A reality check of predicted data with regards to the condition of the line is an important part of overall pipeline assessment. Where an ILI has been carried out this occurs as a like-for-like comparison of measured vs. predicted metal loss distributions.

Where ILI, however, is not possible (and since lack of ILI data is one of the main drivers for this approach, this is often the case) then comparison of what little information is available can determine the overall credibility of the approach.

The case history presented here describes a nominally dry gas export subsea pipeline. Despite the dry status of the line, however, about 12 cu m/year of water and glycol are carried over from the dehydration system. Inspection of the export riser on the gas platform in 2002 and 2003 predicted metal loss after 20 years of between 0.8 and 1.5 mm. This compares with the model average for the pipelines (which operate at a lower temperature than the riser) of 0.65 mm (range 0.38-1.14 mm).

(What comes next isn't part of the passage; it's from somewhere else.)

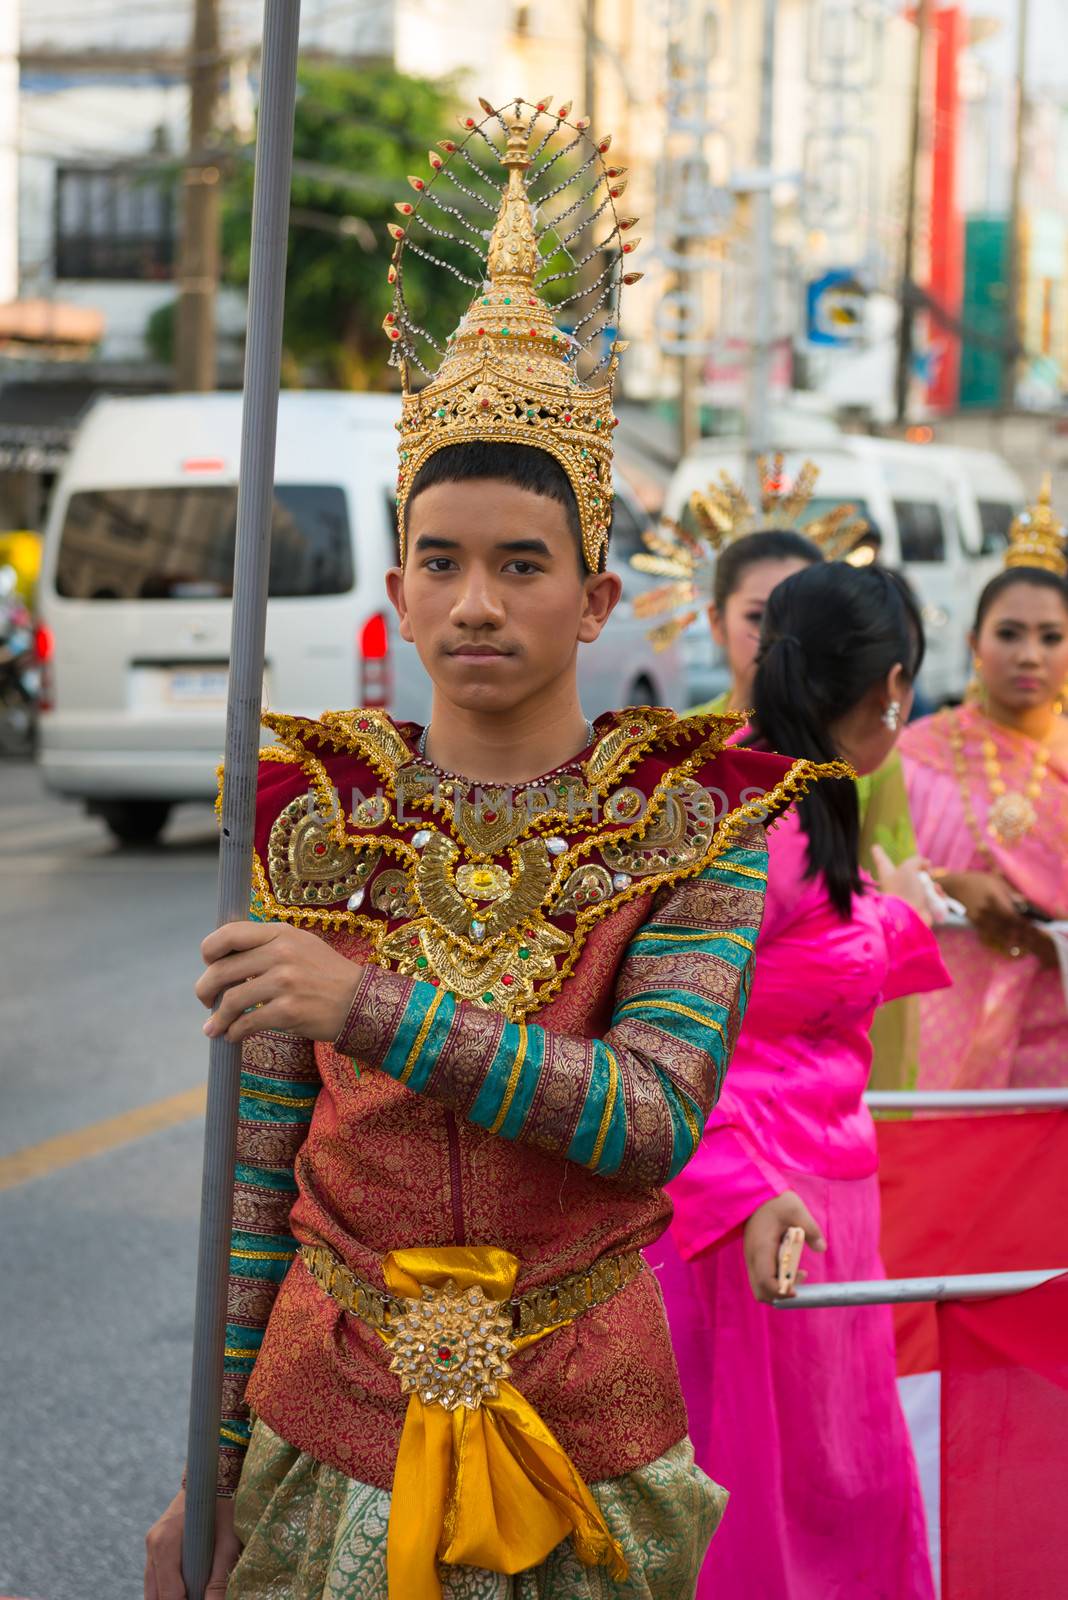 PHUKET, THAILAND - 07 FEB 2014: Phuket town residents take part in procession parade of annual old Phuket town festival.

Liquids carried over from the dehydration process contain up to 80% glycol. The extremely low water content of the line yields a corrosion rate similar to condensation water, with a factor of 0.1 applied.4

Corrosion monitoring at the onshore reception facilities and offshore platform export line show an average metal loss of 0.027 mm/year and 0.001 mm/year, respectively. This compares with a current average calculated value of 0.028 mm/year, range 0.02-0.07 mm/year (Fig. 2).

Such monitoring results show the overall pipeline corrosion assessment model to be in good agreement with the limited practical data available and a reasonable assessment of overall pipeline condition. The projected remaining life of 99.99% at 49 years, 99.9% at 54 years and 90% for 75 years, is considered reliable based on current operating conditions.

References

  1. Norsok M-506, “CO2 Corrosion Rate Calculation Model,” Norwegian Technology Standards Institution, 2005.
  2. Pots, B.F.M, et al., “Improvements on de Waard-Milliams Corrosion Prediction and Applications to Corrosion Management,” NACE Corrosion 2002, Denver, Apr. 7-12, 2002.
  3. Berger, F.P., and Hau, K., “Mass transfer in turbulent pipe flow measured by the electrochemical method,” International Journal of Heat and Mass Transfer, Vol. 20, No. 11, pp. 1185-94, November 1977.
  4. Smith, L., and de Waard, K., “Corrosion Prediction and Materials Selection for Oil and Gas Producing Environments,” 16th International Corrosion Congress, Beijing, Sept. 19-24, 2005.